Africa-Press – Sierra-Leone. President Julius Maada Bio’s decision to establish an independent investigation committee into the Sierra Leone Law School has no constitutional or statutory basis and violates the principle of separation of powers, according to a policy brief released by the Institute for Legal Research and Advocacy for Justice (ILRAJ).
The 12-page brief, published in April 2026, argues that the President’s intervention, announced via State House press release on 7 April 2026, bypasses existing legal frameworks and undermines the statutory independence of the Anti-Corruption Commission (ACC), which had already launched a probe into alleged irregularities at the institution.
The brief notes that the press release announcing the five-member committee, chaired by former Attorney-General Dr. Priscilla Schwartz, cites no constitutional provision, statute, or executive instrument authorising the President to investigate the Law School.
“This omission is not merely a drafting oversight; it reflects a fundamental legal difficulty. There is, in our respectful submission, no such authority,” the brief states.
The Law School, established in 1989 under the Council of Legal Education Act, is governed by a statutory council chaired by the Chief Justice. The brief argues that because Parliament expressly conferred governance of legal education upon that council, the President is excluded from exercising parallel functions under the principle of expressio unius est exclusio alteriorum – “the express mention of one thing excludes all others.”
The brief contends that the Law School falls within the judicial sphere, not the executive, given that the Council of Legal Education is chaired by the Chief Justice and its function of controlling admission to the Bar is intimately connected with the administration of justice.
“For the President to direct an investigation into this body is to assert executive authority over an institution that Parliament deliberately placed under the Chief Justice’s chairmanship,” the brief states. “It is an encroachment upon the judicial sphere that sets a dangerous precedent. If the Executive can investigate the Law School today, it can investigate the Judicial and Legal Service Commission tomorrow, and the courts themselves thereafter.”
The brief also dismisses the government’s characterization of the Law School as “a sub-vented institution,” arguing that legal character is determined by enabling legislation, not funding source. “The Judiciary itself receives government subvention through the Consolidated Fund; this does not make the courts answerable to the Executive,” it notes.
Perhaps the most alarming aspect of the intervention, the brief says, is the statement in the press release that the ACC Commissioner had informed the President that the ongoing ACC investigation would be suspended pending the outcome of the committee’s work.
Section 9 of the Anti-Corruption Act 2008 provides that the Commission “shall not, in the performance of its functions, be subject to the direction or control of any person or authority.”
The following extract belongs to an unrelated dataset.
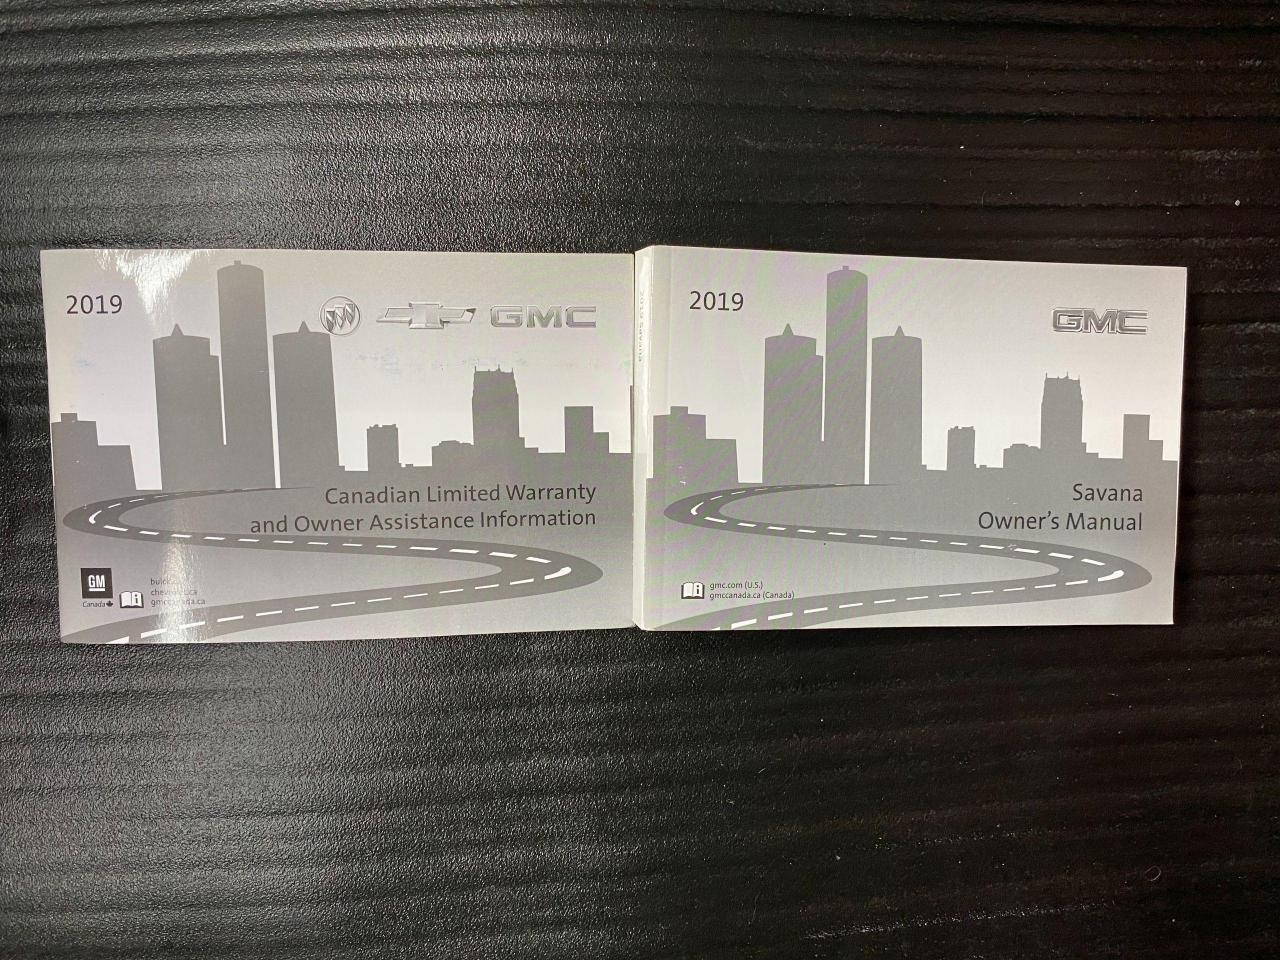 2019 GMC Savana

The brief questions whether the suspension was voluntary or directed by the Executive. “Either way, the effect is the same. An ongoing criminal investigation by the ACC, initiated at the request of the Council of Legal Education and supported by documentary evidence, has been halted to make way for a non-statutory, non-coercive, ad hoc presidential committee.”
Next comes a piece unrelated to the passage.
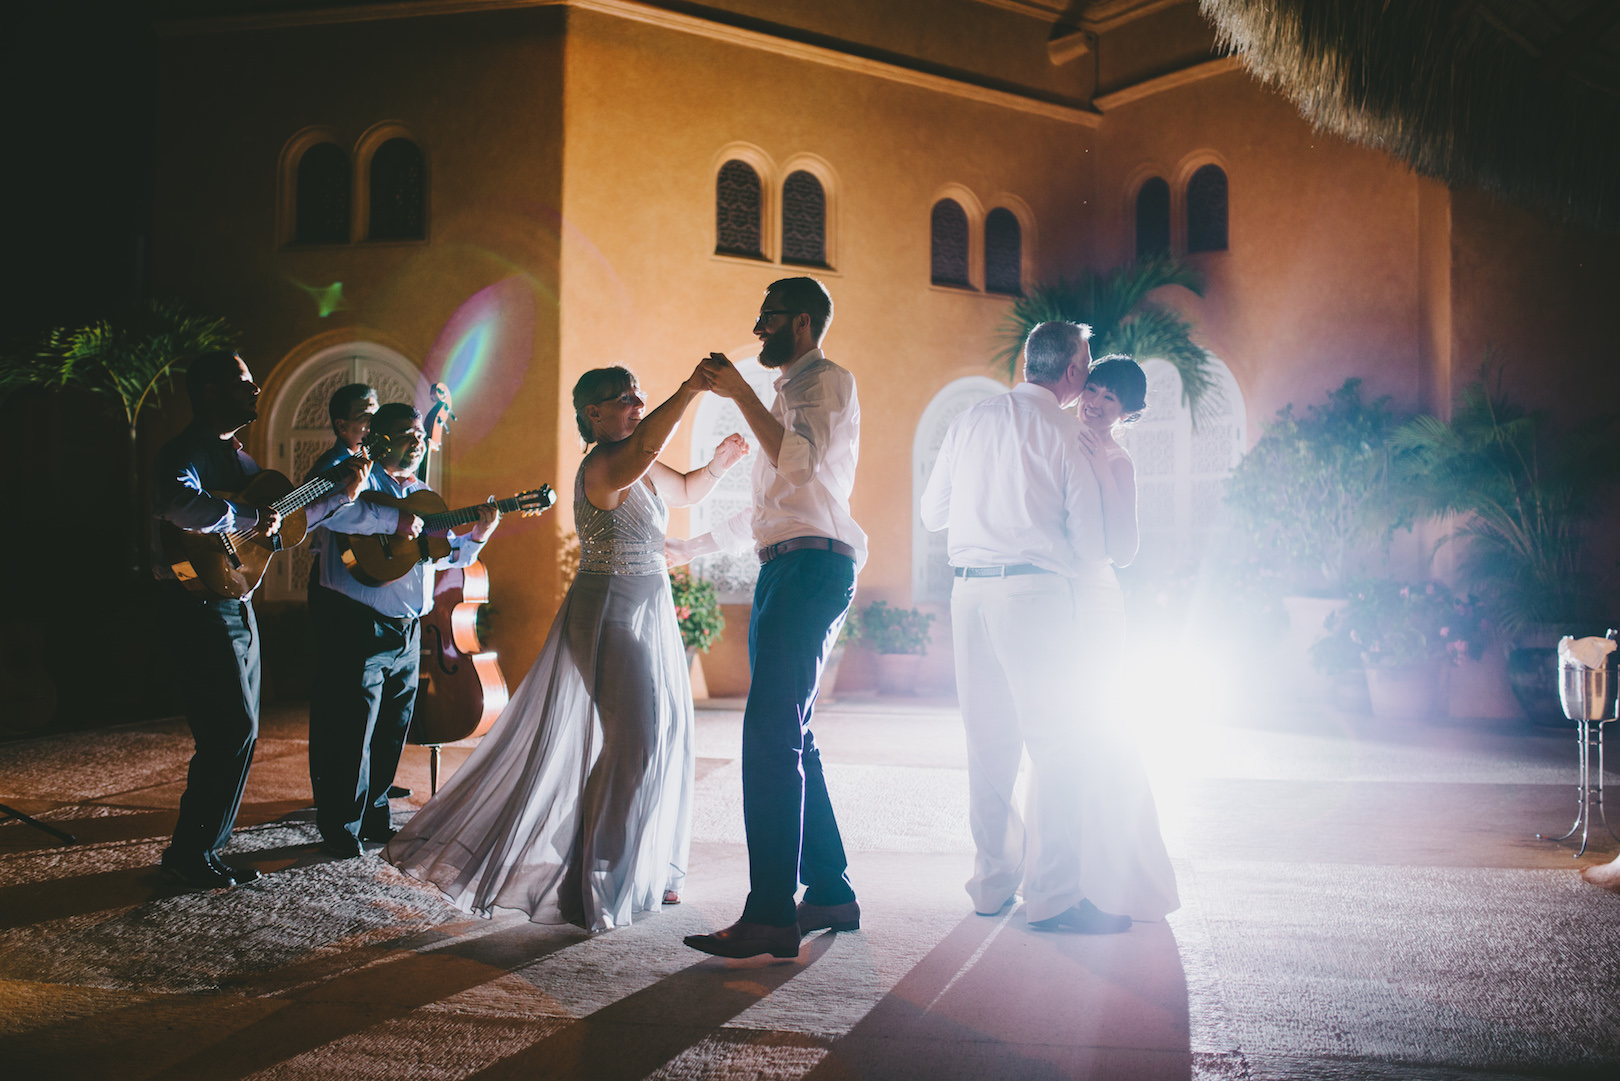 Nathan & Felicia - Wedding Day - © Dallas Kolotylo Photography - 651

The brief also raises concerns about the appointment of Dr. Priscilla Schwartz as committee chair, noting that as Attorney-General in 2019 she directly intervened in the Law School by directing the then-Acting Director to proceed on leave pending investigation into an examination malpractice crisis. That directive was contested as ultra vires.
“Dr. Schwartz is therefore not a neutral figure in the affairs of the Law School. Her appointment as Chair raises reasonable apprehension of bias,” the brief states.
The Council of Legal Education took decisive action against former Law School Director Dr. Abu Bakarr Bangura in March 2026 following the discovery of extensive irregularities, including unauthorised admissions, financial misconduct, procurement violations, academic malpractice, unlawful staff appointments, an unauthorised commercial bank loan, and sexual harassment of female students. The Council accepted Dr. Bangura’s resignation effective 30 June 2026 and referred the matter to the ACC, which launched a probe on 30-31 March 2026.
The brief argues that the presidential intervention was not prompted by inaction, noting that the Council had already taken every appropriate step before the President announced his own committee on 7 April 2026.
ILRAJ makes several recommendations, including:
Dissolution or reconstitution of the presidential committee under the Commissions of Inquiry Act (Cap. 54) with a gazetted constitutional instrument and formal terms of reference
Resumption of the ACC’s investigation, with criminal and governance probes proceeding in parallel
Reconstitution of the committee’s membership to include persons with direct institutional knowledge of the Law School, and a chair with no prior involvement
Legislative amendments to break the Law School’s monopoly, following recent reforms in Ghana and Kenya
Constitutional entrenchment of the ACC to protect its independence
“Nobody disputes that the Sierra Leone Law School requires reform. The allegations of corruption, academic malpractice, and sexual harassment are grave,” the brief concludes. “But the answer to institutional failure is not the substitution of one unchecked authority for another. The answer is the rule of law.”